I commented some years ago on the troubles that Egypt and related tyrant-run countries faced in the coming years. Saudi Arabia will not be far behind and the word will be better off when the House of Saud is toppled.
I lost sleep over the efforts of the people of Egypt becoming at once very emotional/moved at the sacrifices the middle to lower classes are making to change their lot in life (it’s emotional just putting this together). I was also moved by groups like TOR, Anonymous and the French ISP who offered free dial-up services for the Egyptian people. The beauty of the Net is that even we arm chair generals can, via TOR, create bridges that, if the censored of the world can find them, can be used to get their word out somewhat anonymously. That’s thanks, initially, to the US Navy who funded the project.
I am thinking back to the late 1960’s and early 1970’s when the American people had the piss and vinegar that those in Egypt, Tunisia, Yemen and Jordan are now displaying. And let’s not forget the French and British people who took the streets last year over proposals to cut their benefits, wages and increase working hours.
Meanwhile, here in the USA, the US Congress hesitates to extend benefits for a portion of the 20 percent of America’s population out of work and not likely to get employed gainfully for years.
And where are the American people as a trillion dollars is given to salvage banking and financial firms?

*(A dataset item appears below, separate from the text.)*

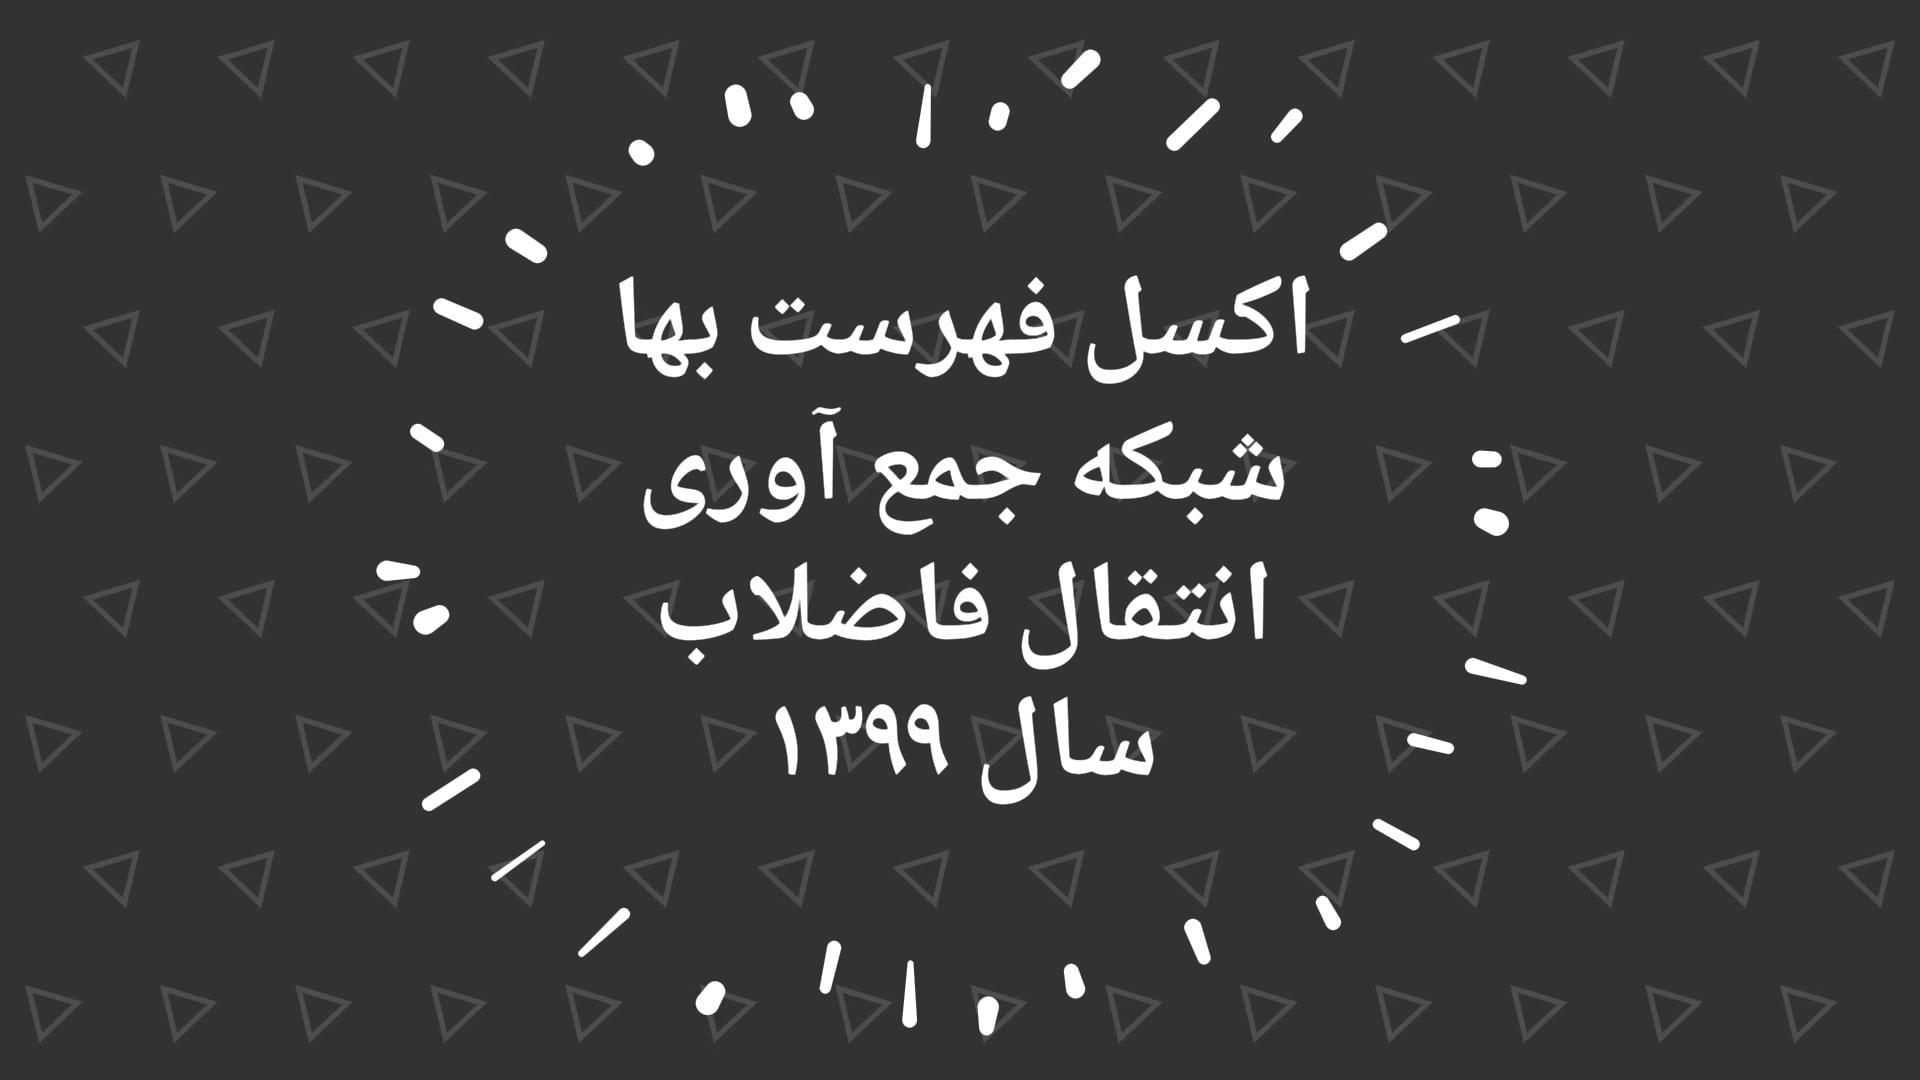 اکسل فهرست بها شبکه جمع آوری و انتقال فاضلاب سال 1399
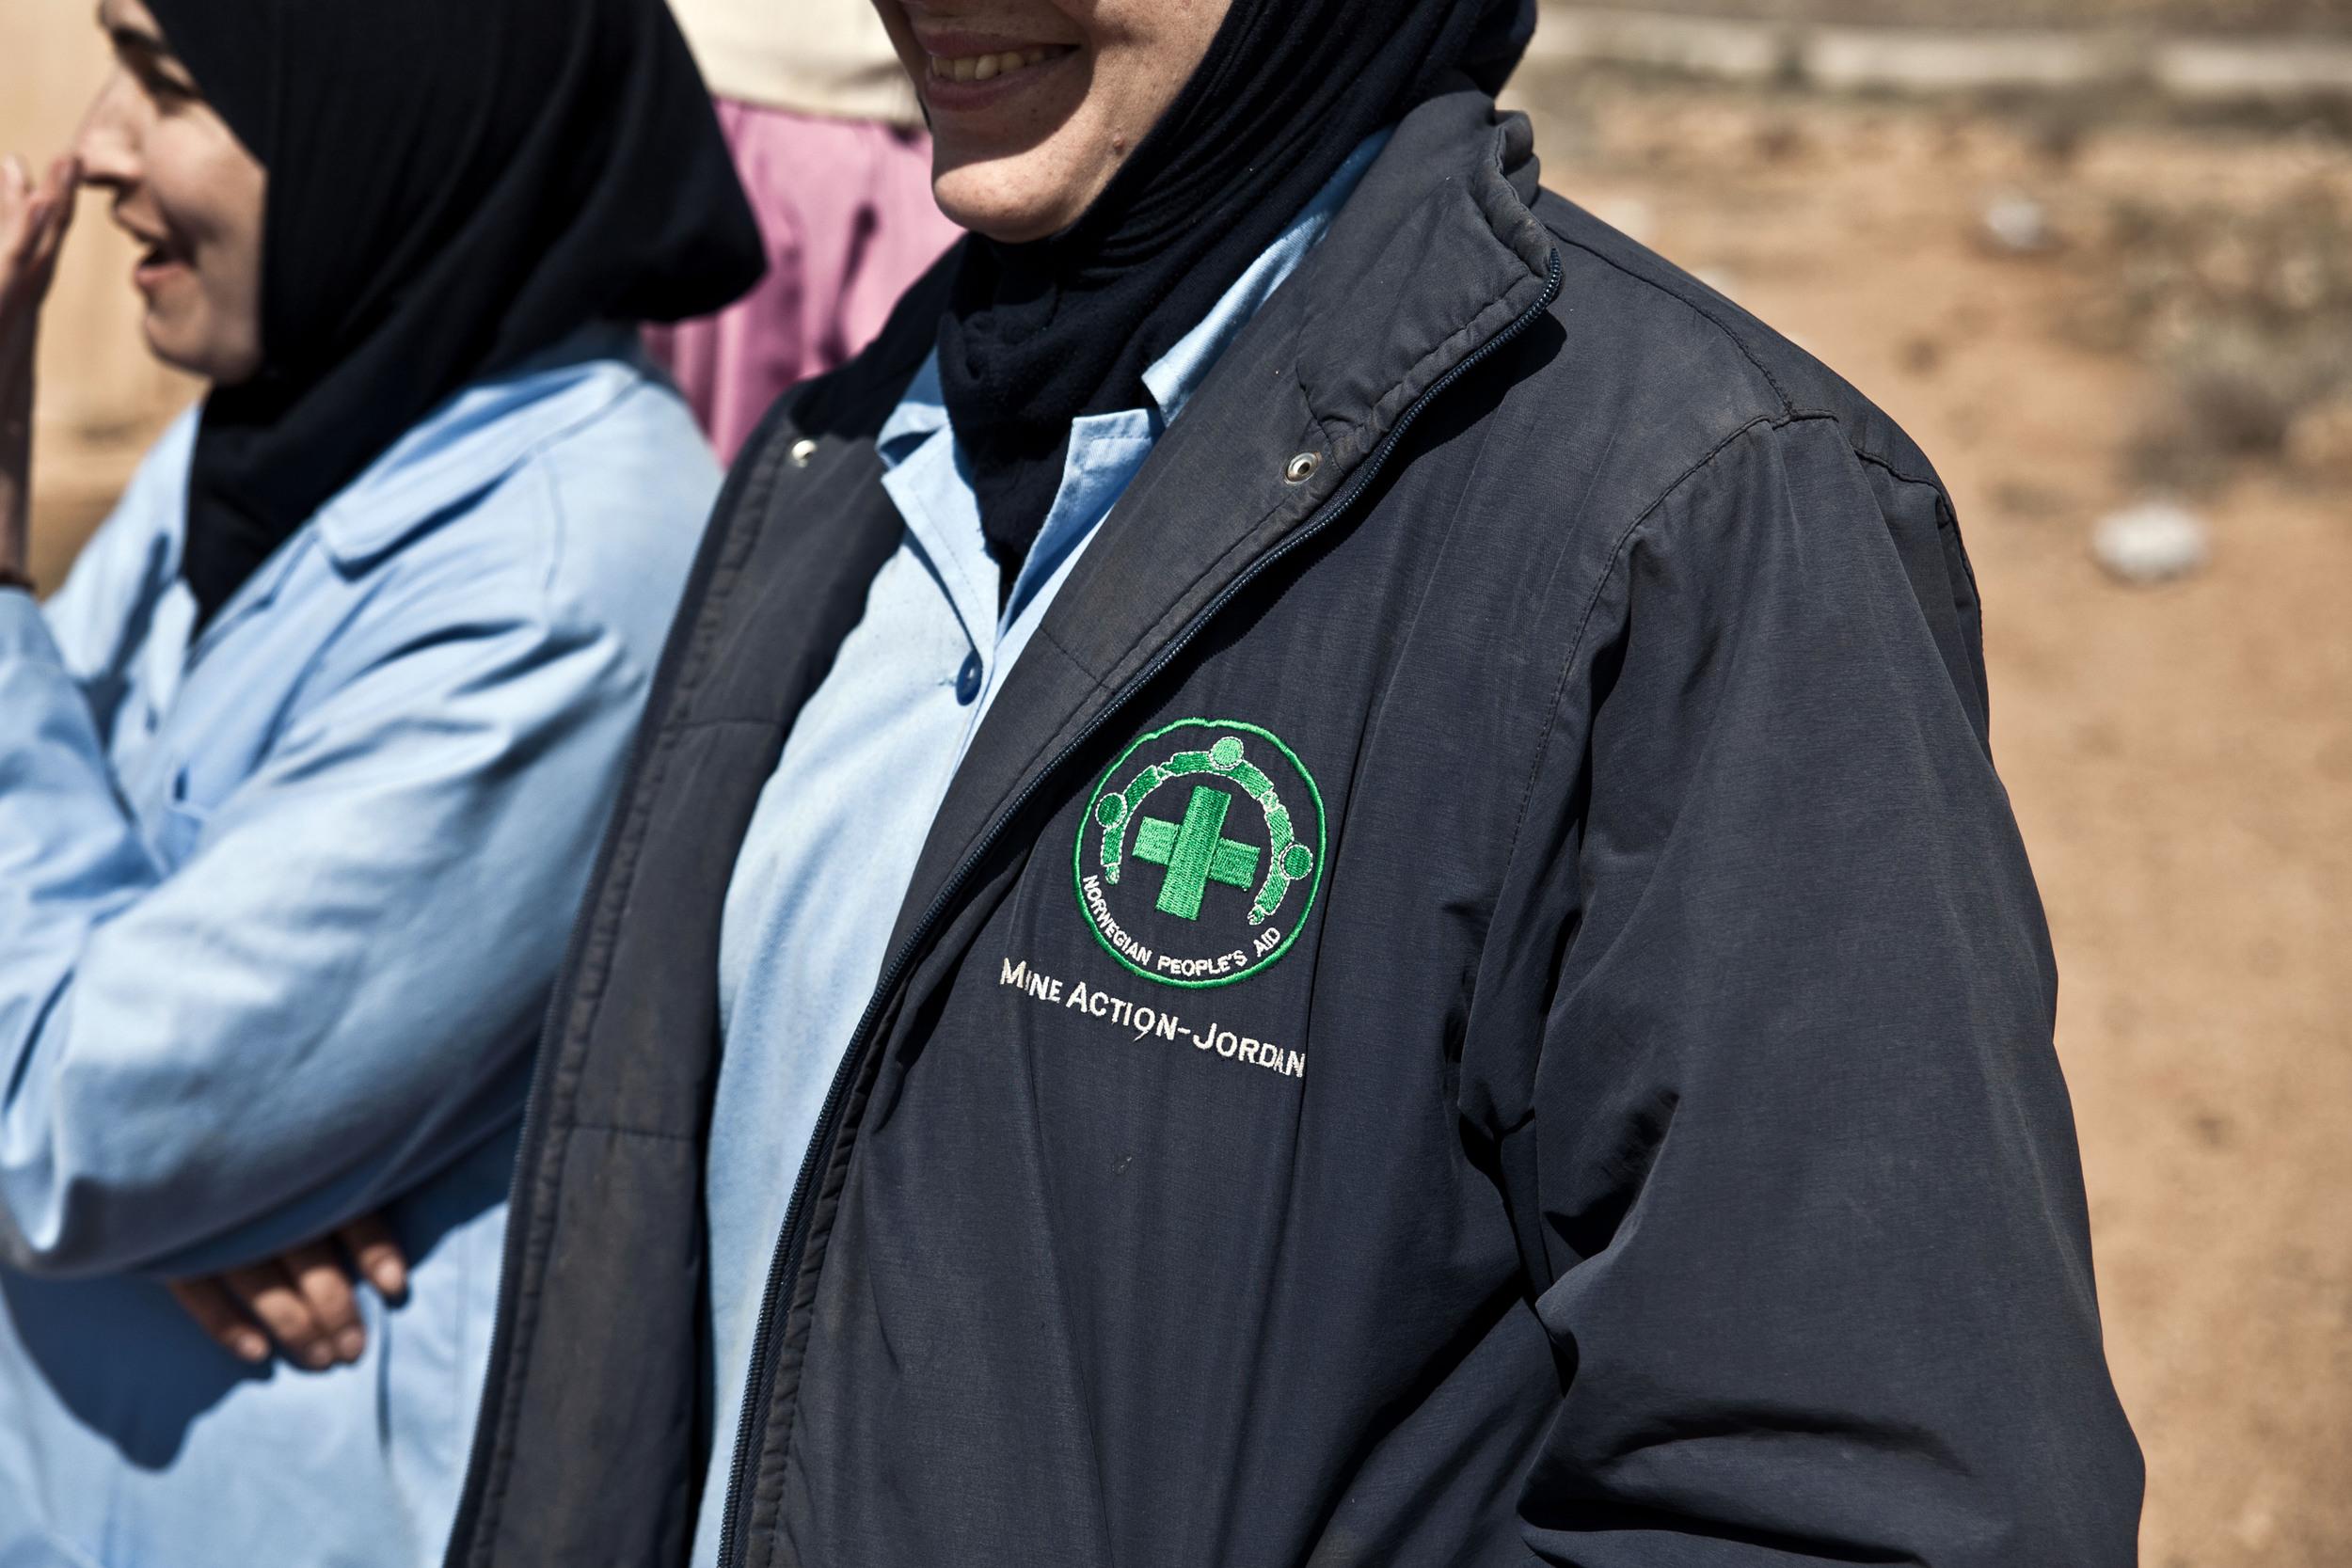 Jordan - The Female Demining Team 04.jpg

The response to it all is to think that all’s ok here in the USA when, in fact, it is not. We clearly have lunatics in the US Congress now across the board and a President who has continued and even accelerated the Reagan-Bush I-Clinton-Bush II destruction of the American Constitution and Civil Society. The USA is clearly becoming a militarized state. Even as Wikileaks and assorted Leakers provide hard evidence that American leadership is defunct the militarization continues. Fear pervades the land in the USA: fear of job/benefit loss, fear of terrorism, fear of taking a stand against the idiocy, fear of knowing the truth.
To me at least, art is a refuge and a record of history, a record that rewinds/replays constantly.
Art is music, lyrics and speech too.
Upon seeing Al Jazzera’s coverage of Egypt over the past few days, I went to my link to video of Malcolm X at Oxford in 1964:
Pulled out of the IPhone songs like Ball of Confusion by the Temptations, Foght the Power by Public Enemy, Monster by Steppenwolf. Those songs have lyrics that matter. Where are the artists now?
I think too of Thomas Jefferson who got it right:
“Prudence, indeed, will dictate that Governments long established should not be changed for light and transient causes; and accordingly all experience hath shewn that mankind are more disposed to suffer, while evils are sufferable than to right themselves by abolishing the forms to which they are accustomed. But when a long train of abuses and usurpations, pursuing invariably the same Object evinces a design to reduce them under absolute Despotism, it is their right, it is their duty, to throw off such Government, and to provide new Guards for their future security.” (source)
In the end, real change has to come from the street.